Cloudberry Monitor is a set of scripts & schema to permit observability of one or many Apache Cloudberry (incubating) clusters in the abscence of Greenplum Command Center (GPCC). Very likely can also monitor Greenplum (Broadcom) however equally likely to be compatibility issues as one is now closed source.

Benefits, unlike GPCC, are that this system will catch up even when the database is down. It leverages sar logs specifically those created by sysstat 11.7 found in RHEL 8 and variants. As long as those files are being written to host metrics will eventually appear.

Included is a sample Grafana dashboard. Grafana is not necessary however due to ease of installation, configuration, flexibility and alerting it is recommended.

Why not Prometheus? It's a fine product designed to do many things.

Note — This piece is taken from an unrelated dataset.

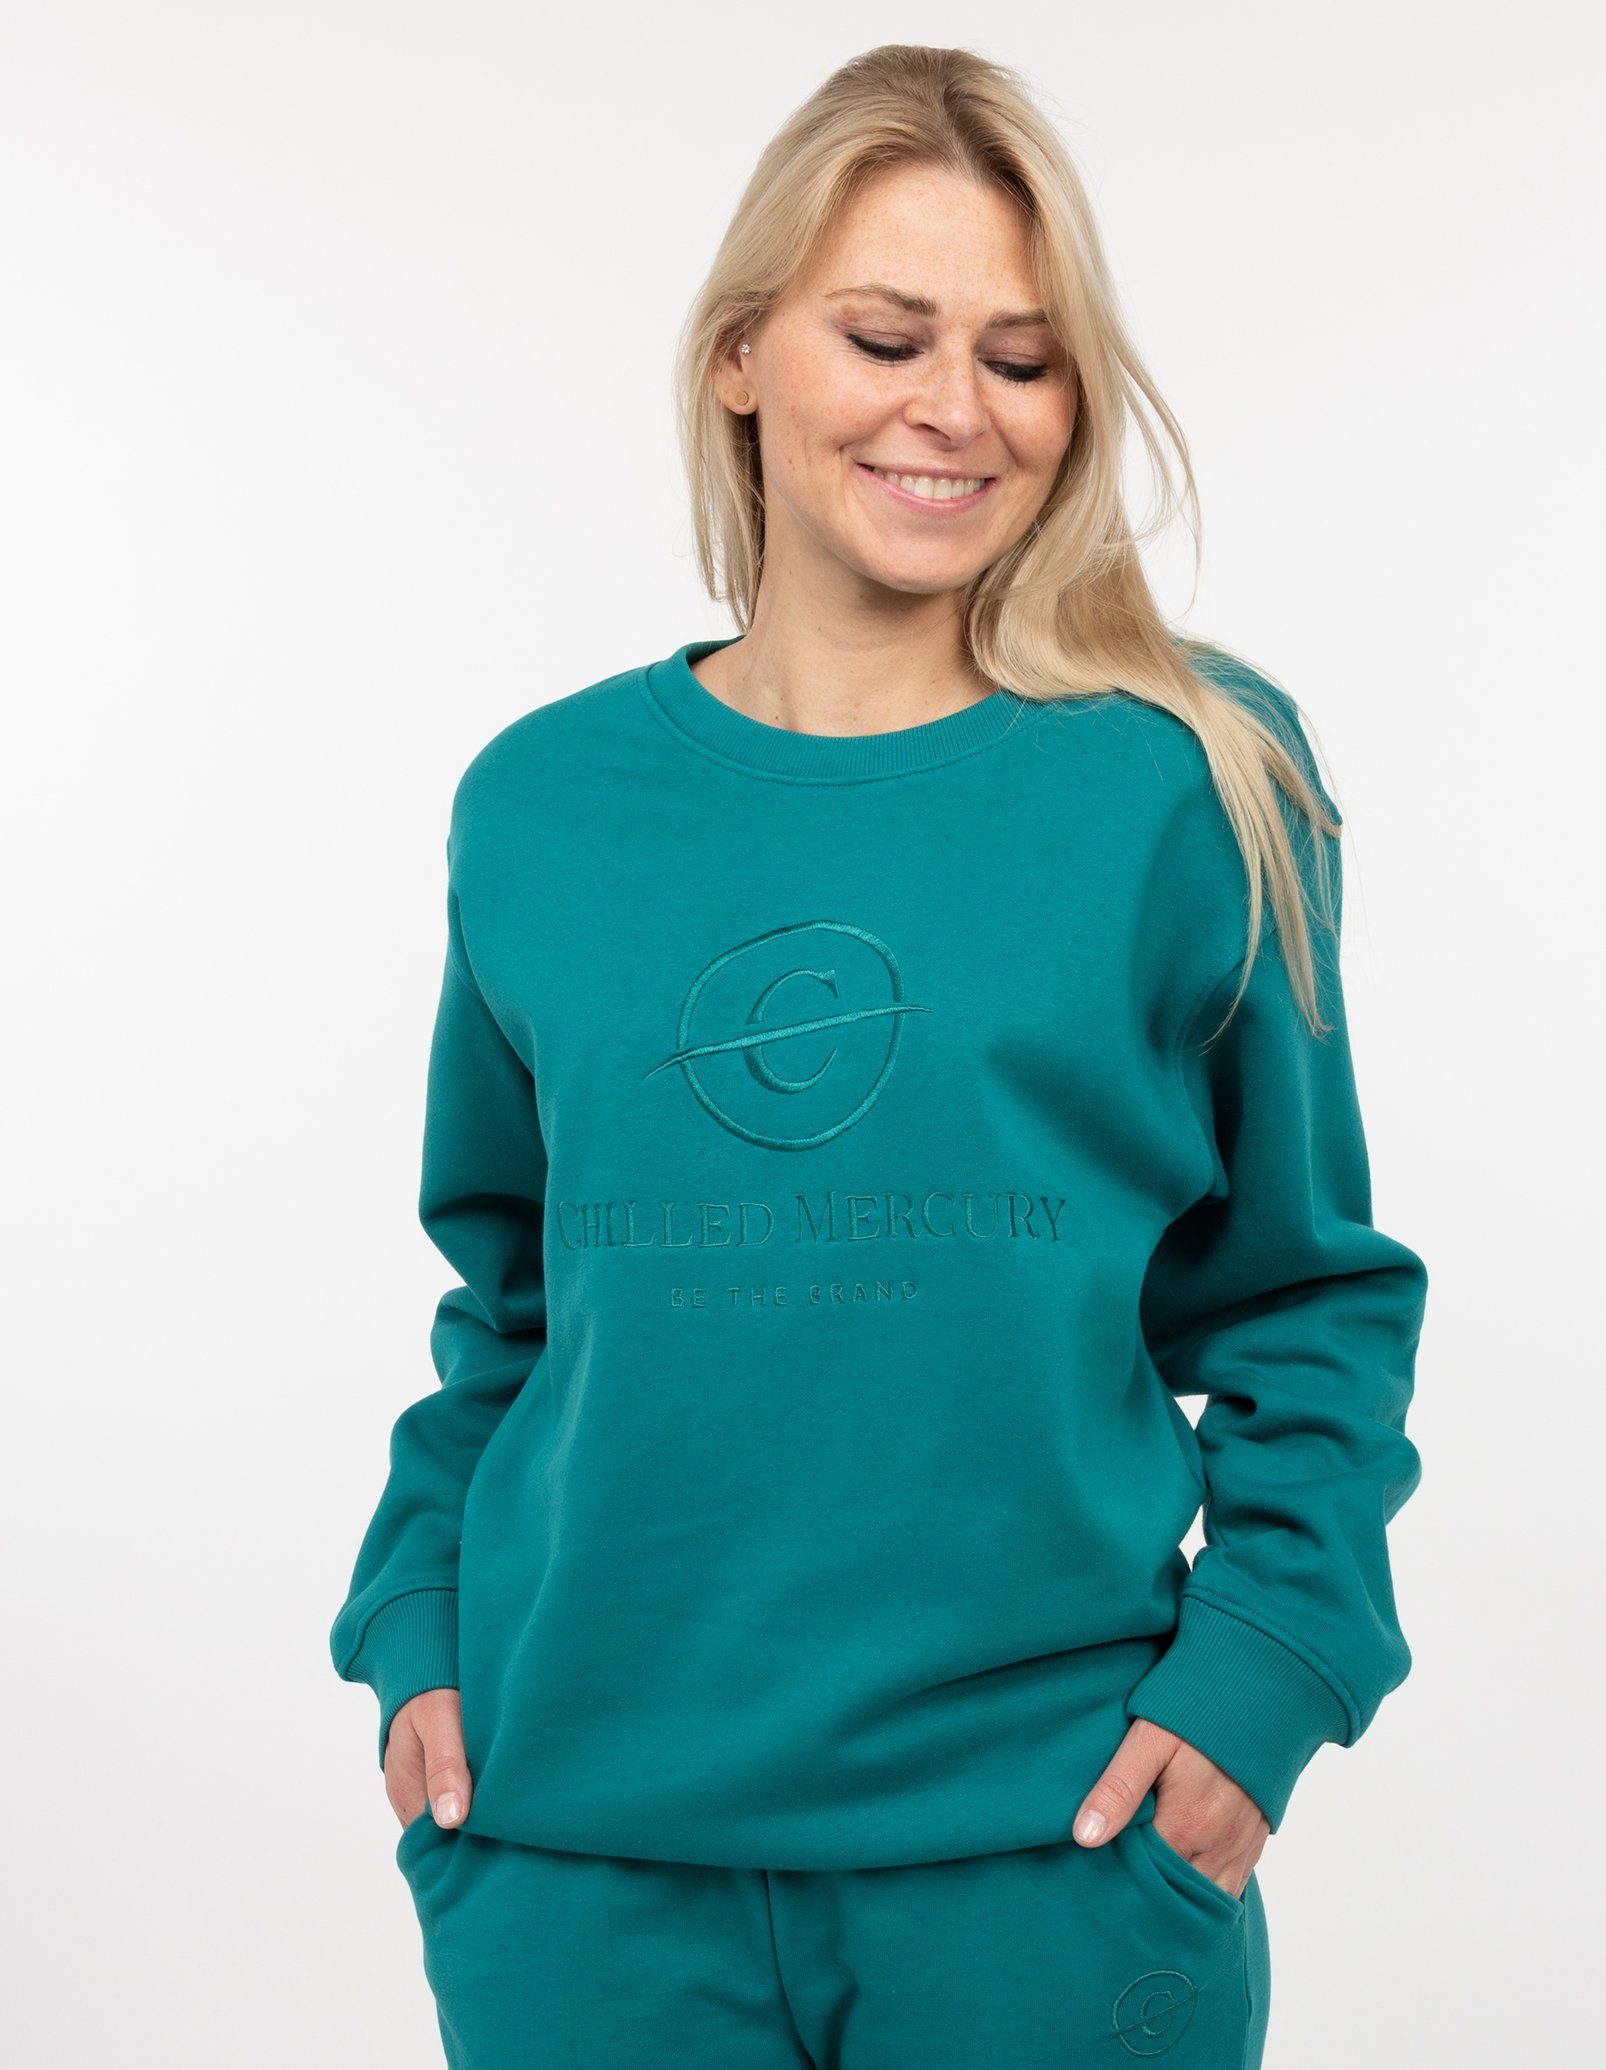 Damen Chilled Grün / Sweatshirt Pullover Mercury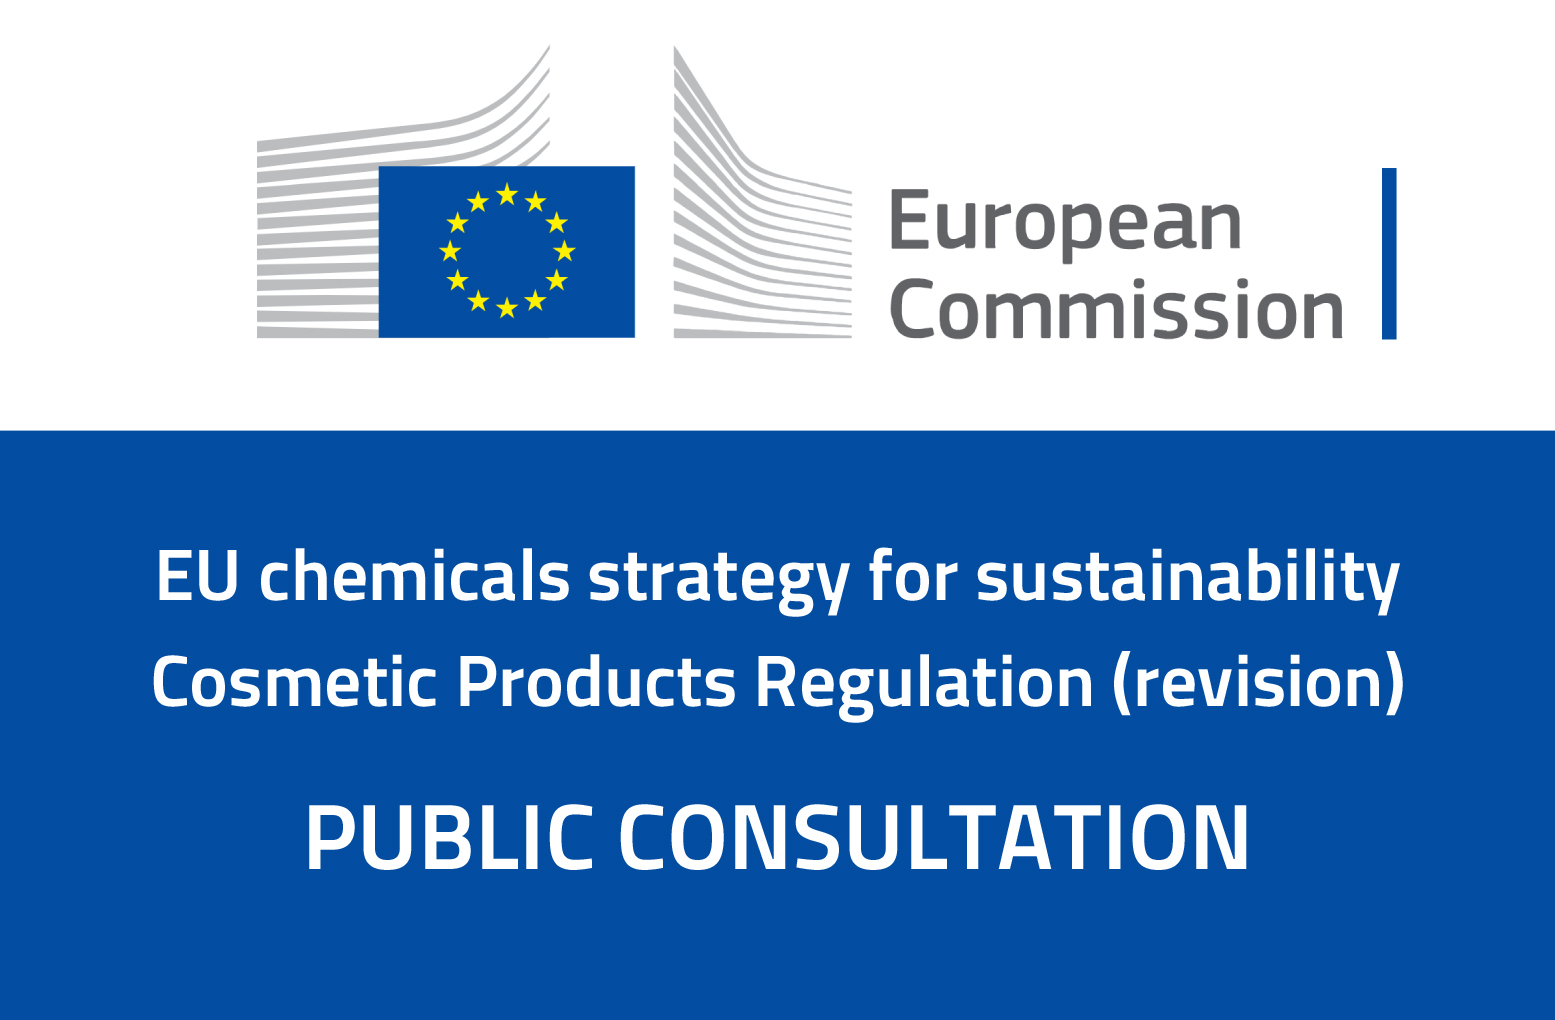 Révision de la réglementation sur les produits cosmétiques / Consultation publique de la Commission Européenne

Desire was ease of extensibility without having to learn other tech's or languages, maintainable, & live data direct from Cloudberry cluster. Tradeoffs.

Working Configurations:

  • RHEL 8 hosts
  • pre-Apache Cloudberry 1.6.0 & Apache Cloudberry (incubating) main branch
  • RHEL 8 based CBmon PostgreSQL

Untested & needs work:

  • RHEL 9 hosts
  • Greenplum 6 & 7

Features:

  • Provides database on which any dashboard can be built (prefer grafana)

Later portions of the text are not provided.